Court rules against high school cheerleaders in the First Amendment dispute over Snapchat profanity

Court rules against high school cheerleaders in the First Amendment dispute over Snapchat profanity



Scottus News

The Pennsylvania School District may have won the war to regulate the speech of students outside the school on Wednesday, but it lost in the cheerleader’s profanity complaint against Snapchat. The judge ruled that the First Amendment allowed the school to regulate at least some student speeches that occurred outside the school.However, with a vote of 8 to 1, the judges Agree cheerleader She was suspended by the cheerleader for a year and still violated the First Amendment.

case, Mahanoy Regional School District v. BL, Started in 2017, when 14-year-old Brandi Levy did not enter her public school cheerleading team. Levy posted a photo of her raising her middle finger, expressing her disappointment with the social media app Snapchat, with the words “Fucking school, softball, fucking everything.” Although Levy’s snapshot is only in her 250 of her friends showed up in front of her for 24 hours, but the coaches saw the screenshot of the post and suspended her from the junior school team for a year on the grounds that the post violated the team and school rules. Levy went to court, and she argued that the suspension violated the First Amendment. When the lower court agreed, the school district appealed to the Supreme Court, and the Supreme Court agreed to participate in it in January.

The court’s opinion is that of Justice Stephen Breyer, who wrote—unlike the U.S. Court of Appeals for the Third Circuit—most people don’t believe that “when schools control speech, they give schools extra permission to control speech. Characteristics always disappear. It happens outside of school.” Breyer suggested that schools may be interested in monitoring various types of off-campus behaviors–for example, severe bullying, threats against teachers or students, participation in online school activities, or Hacked the school computer.

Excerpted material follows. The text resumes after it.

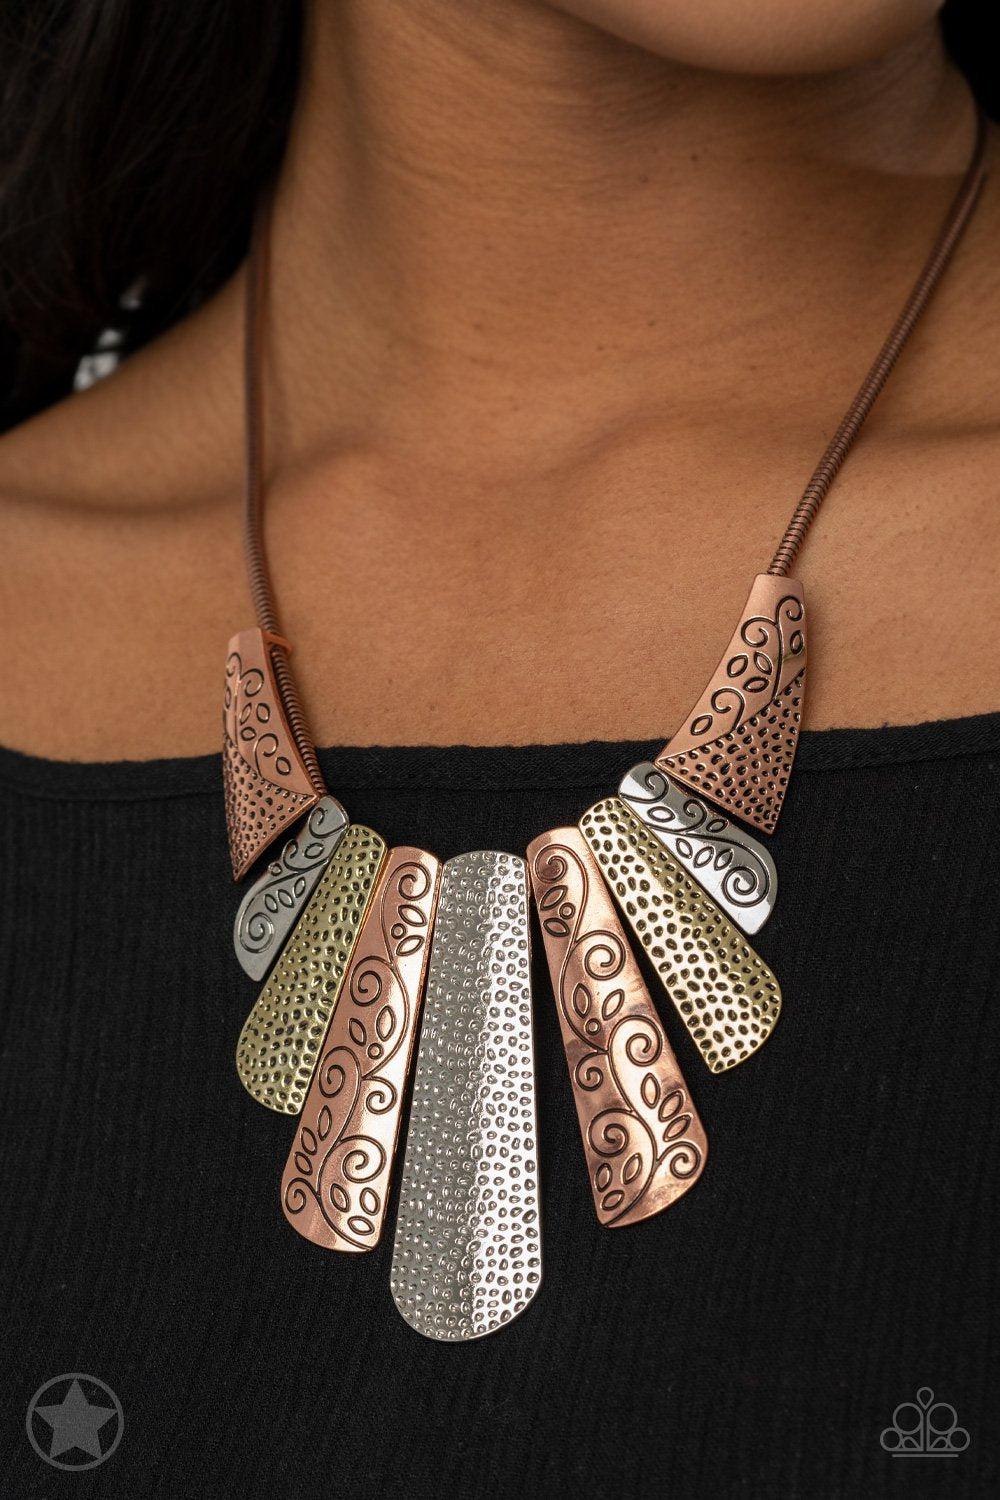 Untamed Silver Copper and Brass Statement Necklace and matching Earrings - Paparazzi Accessories - model -CarasShop.com - $5 Jewelry by Cara Jewels

On the other hand, Breyer observed that the three characteristics of off-campus speeches would make it unlikely that schools would supervise them. First, a student’s off-campus speech is usually the responsibility of the student’s parent. Second, any supervision of off-campus speeches will cover almost everything that students say or do outside the school. Third, schools are interested in protecting students’ unpopular speech and thoughts. Breyer explained that the court will “leave future cases to determine where, when, and how these characteristics imply that the speaker’s off-campus position will make a key difference in determining whether speech can be regulated.”

But even if schools can regulate students’ off-campus speech under certain circumstances, Breyer went on to say that the suspension of Levi’s decision still violates the First Amendment. Breyer reasoned that if she was an adult, Levy’s speech would normally be protected by the First Amendment. In addition, she made a snapshot on the school playground over the weekend, and there is no evidence that it caused serious damage that could prove her suspension. Breyer admits that some people may think that Levy’s criticism is so trivial that it is not the kind of speech that deserves the protection of the First Amendment. “But sometimes it is necessary to protect what is superfluous to keep what is necessary,” Breyer concluded.

Justice Clarence Thomas is the only opponent. He cited the “150-year history of supporting coaching” and believed that the majority opinion “has the wrong result.” He argued, “Historically, schools can disciplinary actions against students under the circumstances described here.”